In 1912, the Chief of Police James Beavers stirred controversy by single-handedly closing all of the brothels in Atlanta's most notorious vice district, and ordering all the women who lived in them to vacate the premises. In press reports, the controversy seemed to focus on the prostitutes who served in the brothels, and the degree to which they were victims of a "wretched" system (p. 141). But Hickey suggests that the crux of the issue in fact had little to do with the prostitutes themselves or even with prostitution as an activity; rather, beneath the rhetoric and sensationalism that played on fears of white slavery and women's simultaneous sexual vulnerability and strength, the trouble was a loose-cannon Chief of Police whose actions threatened established channels of power. Beavers was ultimately fired not because of his "attacks on women," but because of "his flagrant attempt to usurp the power of the [city] council-appointed police committee" (p. 143). The controversy ended when Beavers was terminated and business interests and the police reached a compromise where the police would leave the brothels alone and instead target the women who worked in them. Power brokers agreed that by punishing women instead of business owners, they could protect both Atlanta's moral image and businessmen's profits. Further limiting working women's already restricted autonomy was a worthy sacrifice for the cause of Atlanta's economic growth, and while "images of working-class women appeared almost overnight" in discussions of the prostitution crisis, "once the issues they had been created to represent were resolved, the images disappeared almost as quickly" (p. 135). When these women no longer served a useful purpose, men in power dropped them from the discussion.

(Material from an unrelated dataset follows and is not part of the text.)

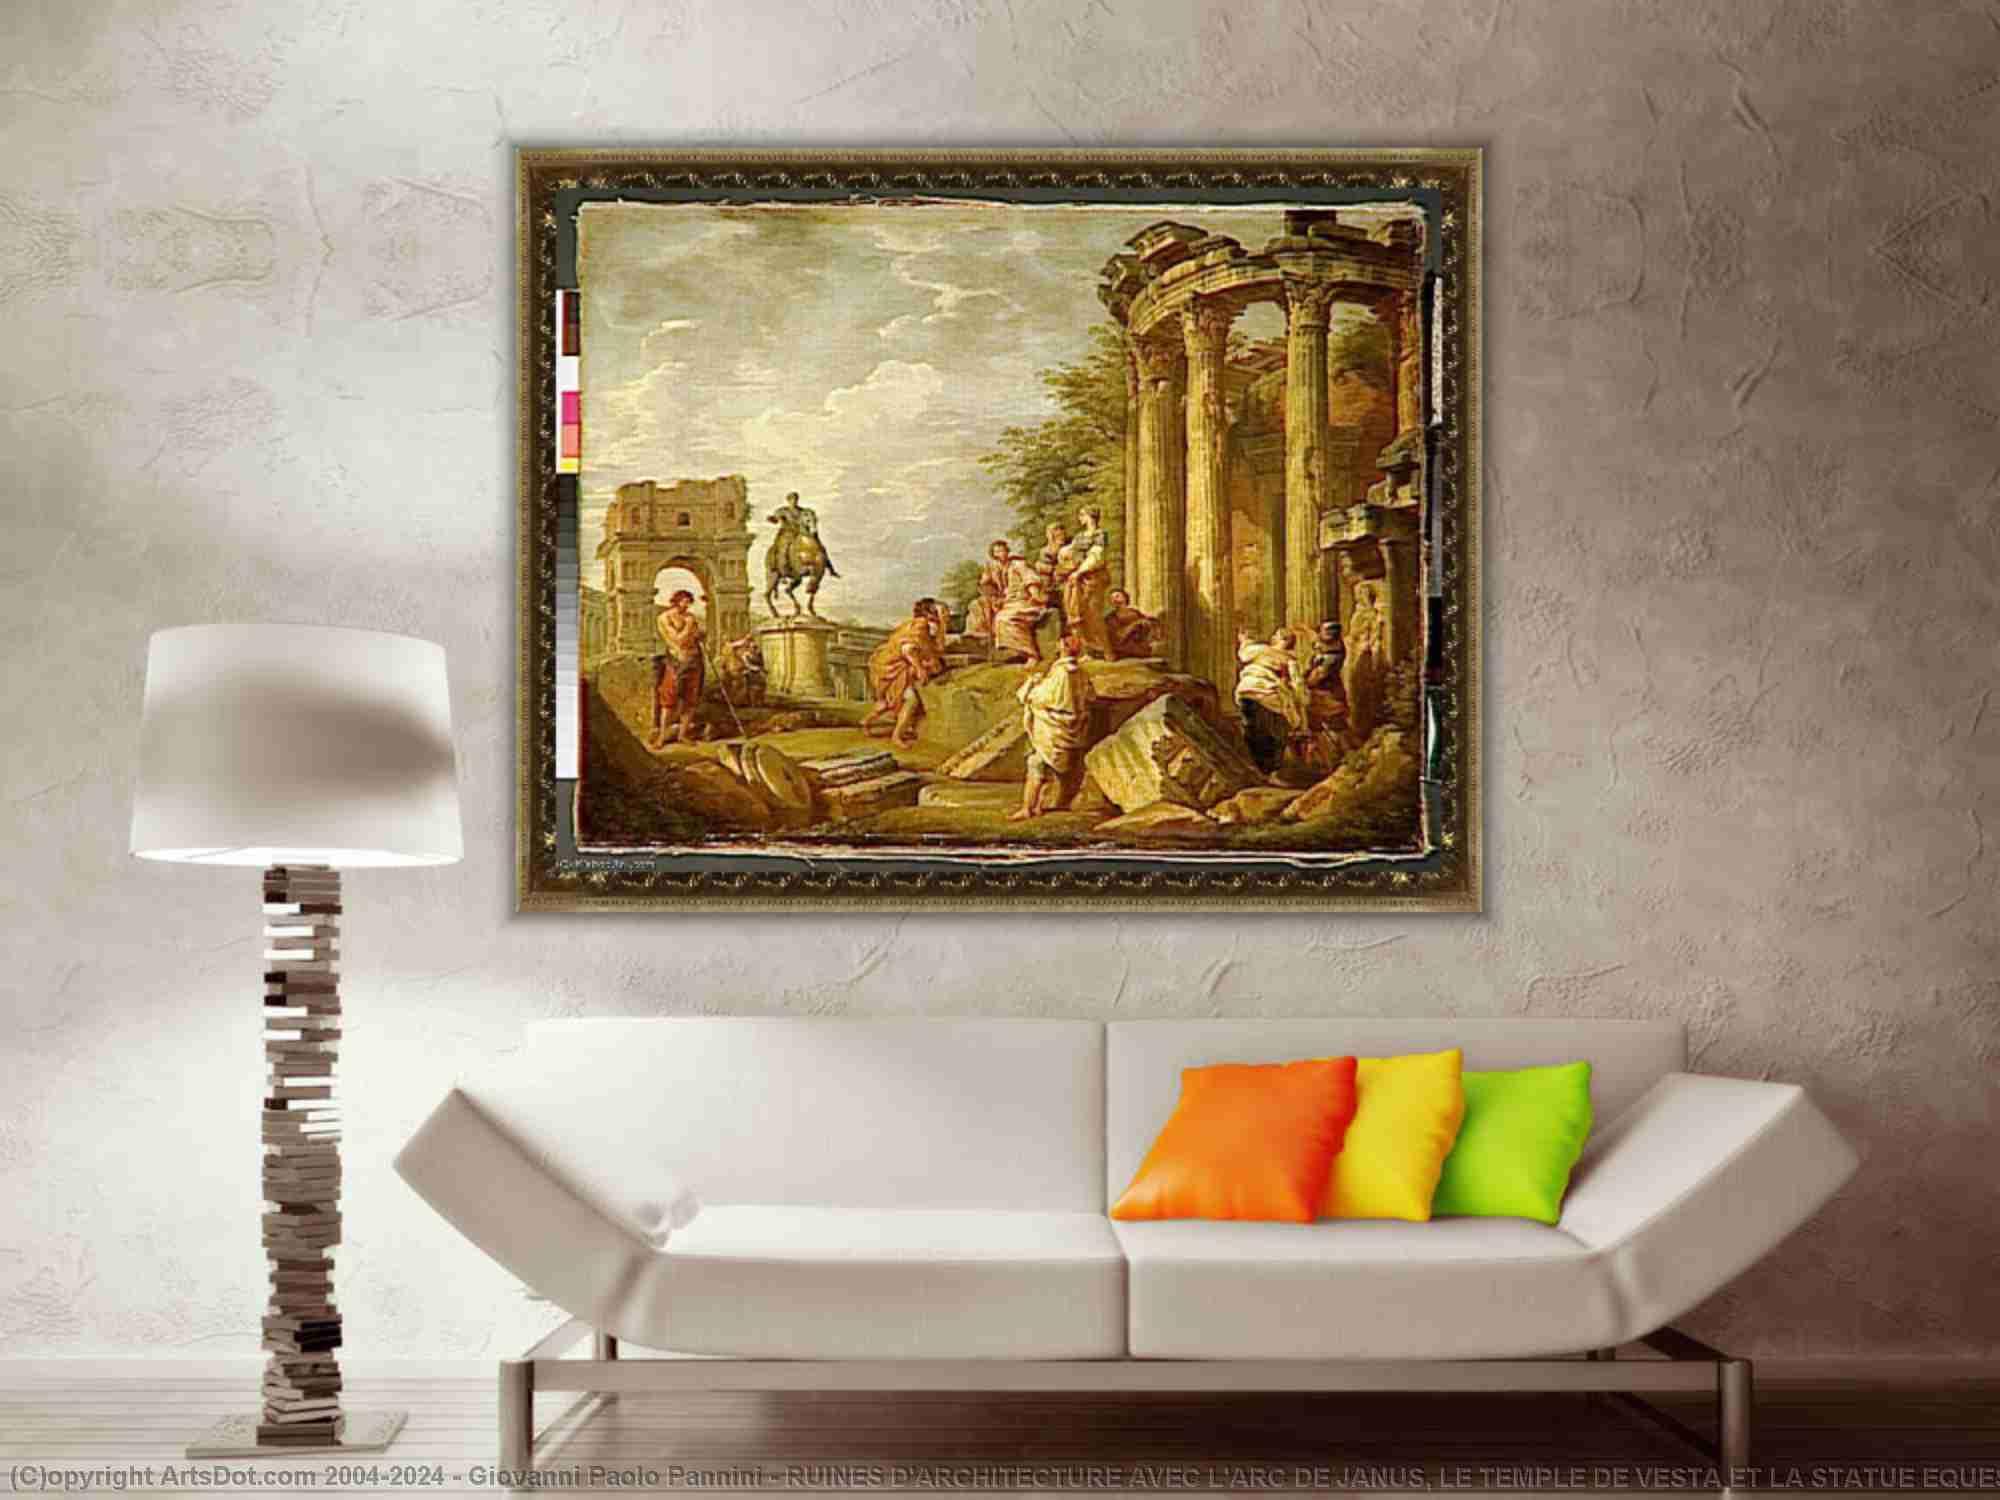 Giovanni Paolo Pannini - RUINES D-ARCHITECTURE AVEC L-ARC DE JANUS, LE TEMPLE DE VESTA ET LA STATUE EQUESTRE DE MARC AURELE
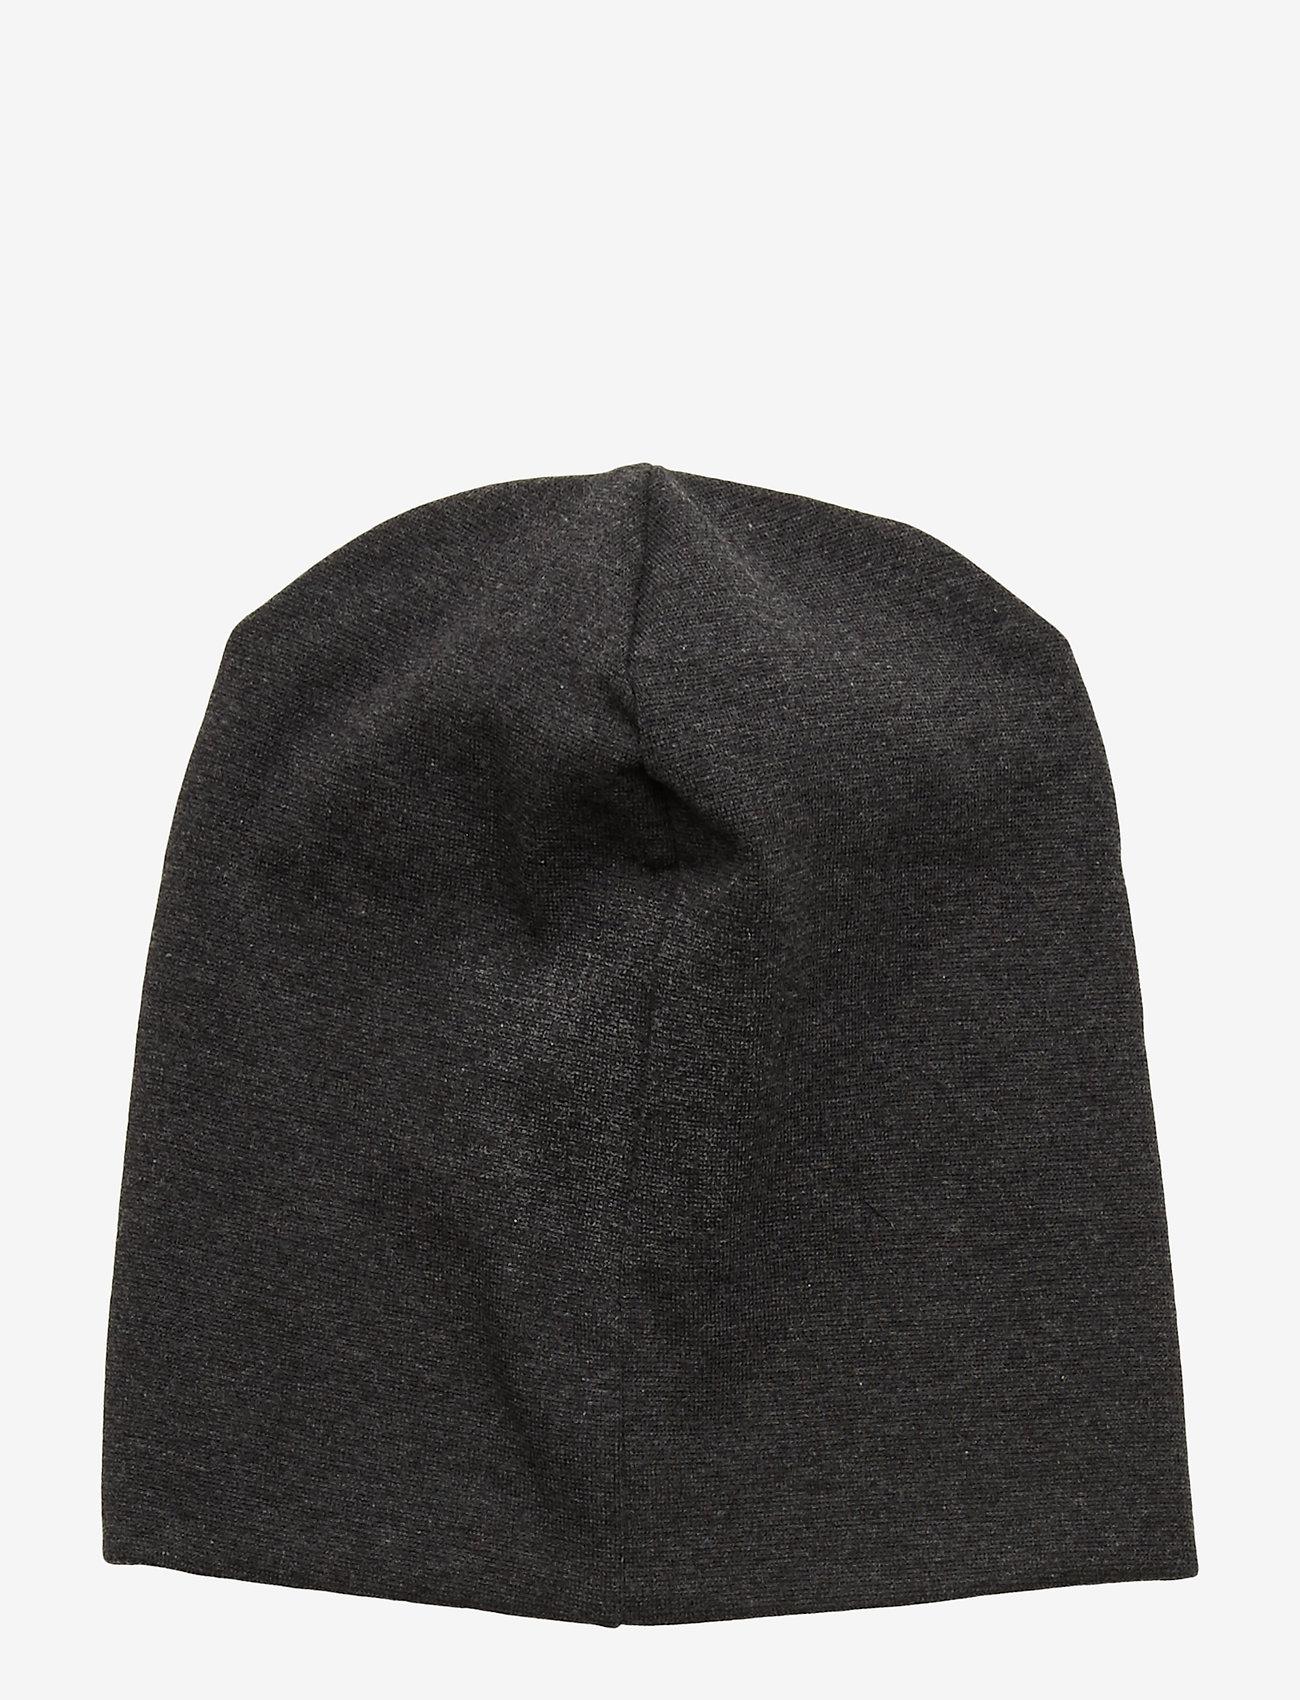 Mikk-Line - Cotton Hat - Solid - huer - dark grey melange - 1

Hickey is clearly interested in representations of women and what these representations meant in Atlanta at the turn of the twentieth century. By blending the techniques of cultural history with urban and social history, she is able to account for working-class women's critical significance to Atlanta's development without obscuring the degree to which these women still lacked and often struggled in vain for power. This blending is what makes Hickey's book an especially notable contribution to the literature, as it pushes readers to reconsider the meaning of agency. Hickey balances her portrayal of women as often self-possessed actors with a clear acknowledgment of their political marginality and objectification. Hickey highlights the importance of working-class women's resistance to the constraints they faced and their efforts to gain a foothold in the larger political arena, whether through interactions with Atlanta's woman suffrage movement before World War I, as strikers and unionists, or as mothers and community activists. She notes that they were particularly effective when they acted as litigants bringing suits to court, and especially when they sued for divorce. All the same, Hickey emphasizes the fact that women's success was often fleeting. Their actions were highly significant within the context of their own lives and they found creative ways to exert some control over their destinies as individuals. But as a group, in spite of their visibility through the mid-1920s, working-class women in Atlanta did not become more powerful and by the end of the decade, in many ways they actually began to lose ground.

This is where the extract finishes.